→ PROBLEM REQUIREMENTS:
Take the entries below and print only the lines from the one with "OxyBoost Stain Remover" through the one with "President Zelensky marking", exactly as they stand, both ends included.

Start of MATERIALS PROVIDED

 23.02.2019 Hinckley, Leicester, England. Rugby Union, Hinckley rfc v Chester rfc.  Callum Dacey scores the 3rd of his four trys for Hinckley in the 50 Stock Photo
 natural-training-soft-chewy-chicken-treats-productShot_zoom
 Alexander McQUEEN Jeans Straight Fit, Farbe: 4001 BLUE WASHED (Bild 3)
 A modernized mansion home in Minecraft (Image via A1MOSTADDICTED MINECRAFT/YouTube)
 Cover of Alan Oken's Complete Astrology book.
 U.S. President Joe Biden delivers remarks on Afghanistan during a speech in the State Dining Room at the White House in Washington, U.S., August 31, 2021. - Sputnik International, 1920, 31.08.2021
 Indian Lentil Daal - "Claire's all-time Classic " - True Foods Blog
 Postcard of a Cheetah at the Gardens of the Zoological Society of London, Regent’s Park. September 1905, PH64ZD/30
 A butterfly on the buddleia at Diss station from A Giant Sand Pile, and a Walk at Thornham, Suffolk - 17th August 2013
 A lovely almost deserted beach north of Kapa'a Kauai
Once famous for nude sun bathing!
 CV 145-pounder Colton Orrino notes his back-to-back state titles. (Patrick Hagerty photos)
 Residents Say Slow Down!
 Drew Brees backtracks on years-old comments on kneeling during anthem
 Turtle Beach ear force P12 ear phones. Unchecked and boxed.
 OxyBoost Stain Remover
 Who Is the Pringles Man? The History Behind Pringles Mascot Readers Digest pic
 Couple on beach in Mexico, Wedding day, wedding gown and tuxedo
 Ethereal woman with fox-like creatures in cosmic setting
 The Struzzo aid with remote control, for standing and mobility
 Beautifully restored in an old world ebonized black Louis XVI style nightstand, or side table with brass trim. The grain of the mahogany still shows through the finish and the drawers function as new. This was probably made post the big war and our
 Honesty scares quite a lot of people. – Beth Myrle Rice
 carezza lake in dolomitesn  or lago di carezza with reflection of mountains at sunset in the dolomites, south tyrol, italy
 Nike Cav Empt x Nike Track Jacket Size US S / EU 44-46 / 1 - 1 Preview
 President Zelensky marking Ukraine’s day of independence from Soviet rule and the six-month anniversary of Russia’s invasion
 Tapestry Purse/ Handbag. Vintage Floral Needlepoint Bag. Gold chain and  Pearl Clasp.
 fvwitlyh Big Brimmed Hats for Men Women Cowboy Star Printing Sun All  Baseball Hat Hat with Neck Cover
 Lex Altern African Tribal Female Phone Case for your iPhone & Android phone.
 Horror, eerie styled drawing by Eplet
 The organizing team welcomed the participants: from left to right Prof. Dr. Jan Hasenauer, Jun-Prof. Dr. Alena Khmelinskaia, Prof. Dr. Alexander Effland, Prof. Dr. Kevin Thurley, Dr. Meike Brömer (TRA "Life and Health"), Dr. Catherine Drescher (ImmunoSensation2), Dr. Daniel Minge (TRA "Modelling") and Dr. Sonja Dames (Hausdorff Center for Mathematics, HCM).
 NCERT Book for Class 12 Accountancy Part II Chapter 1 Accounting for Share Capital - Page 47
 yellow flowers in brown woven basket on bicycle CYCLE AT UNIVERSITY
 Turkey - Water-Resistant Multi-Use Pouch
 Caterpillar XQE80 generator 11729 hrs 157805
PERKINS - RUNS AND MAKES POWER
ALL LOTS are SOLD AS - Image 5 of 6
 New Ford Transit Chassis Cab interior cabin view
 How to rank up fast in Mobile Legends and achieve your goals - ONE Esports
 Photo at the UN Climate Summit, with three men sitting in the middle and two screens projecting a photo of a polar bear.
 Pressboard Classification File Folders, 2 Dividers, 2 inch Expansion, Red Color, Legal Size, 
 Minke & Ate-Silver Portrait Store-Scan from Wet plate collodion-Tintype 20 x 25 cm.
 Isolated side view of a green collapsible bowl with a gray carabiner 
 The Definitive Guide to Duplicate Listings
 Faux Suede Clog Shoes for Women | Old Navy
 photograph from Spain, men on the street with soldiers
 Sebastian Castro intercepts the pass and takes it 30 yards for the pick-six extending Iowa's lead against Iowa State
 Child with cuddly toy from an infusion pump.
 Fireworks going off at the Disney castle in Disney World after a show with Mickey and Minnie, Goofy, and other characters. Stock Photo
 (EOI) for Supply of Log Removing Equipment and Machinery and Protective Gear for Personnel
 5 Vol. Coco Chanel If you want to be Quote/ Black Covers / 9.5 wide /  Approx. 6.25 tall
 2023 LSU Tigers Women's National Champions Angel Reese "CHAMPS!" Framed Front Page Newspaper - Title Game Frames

End of MATERIALS PROVIDED

→ RESPONSE:
 OxyBoost Stain Remover
 Who Is the Pringles Man? The History Behind Pringles Mascot Readers Digest pic
 Couple on beach in Mexico, Wedding day, wedding gown and tuxedo
 Ethereal woman with fox-like creatures in cosmic setting
 The Struzzo aid with remote control, for standing and mobility
 Beautifully restored in an old world ebonized black Louis XVI style nightstand, or side table with brass trim. The grain of the mahogany still shows through the finish and the drawers function as new. This was probably made post the big war and our
 Honesty scares quite a lot of people. – Beth Myrle Rice
 carezza lake in dolomitesn  or lago di carezza with reflection of mountains at sunset in the dolomites, south tyrol, italy
 Nike Cav Empt x Nike Track Jacket Size US S / EU 44-46 / 1 - 1 Preview
 President Zelensky marking Ukraine’s day of independence from Soviet rule and the six-month anniversary of Russia’s invasion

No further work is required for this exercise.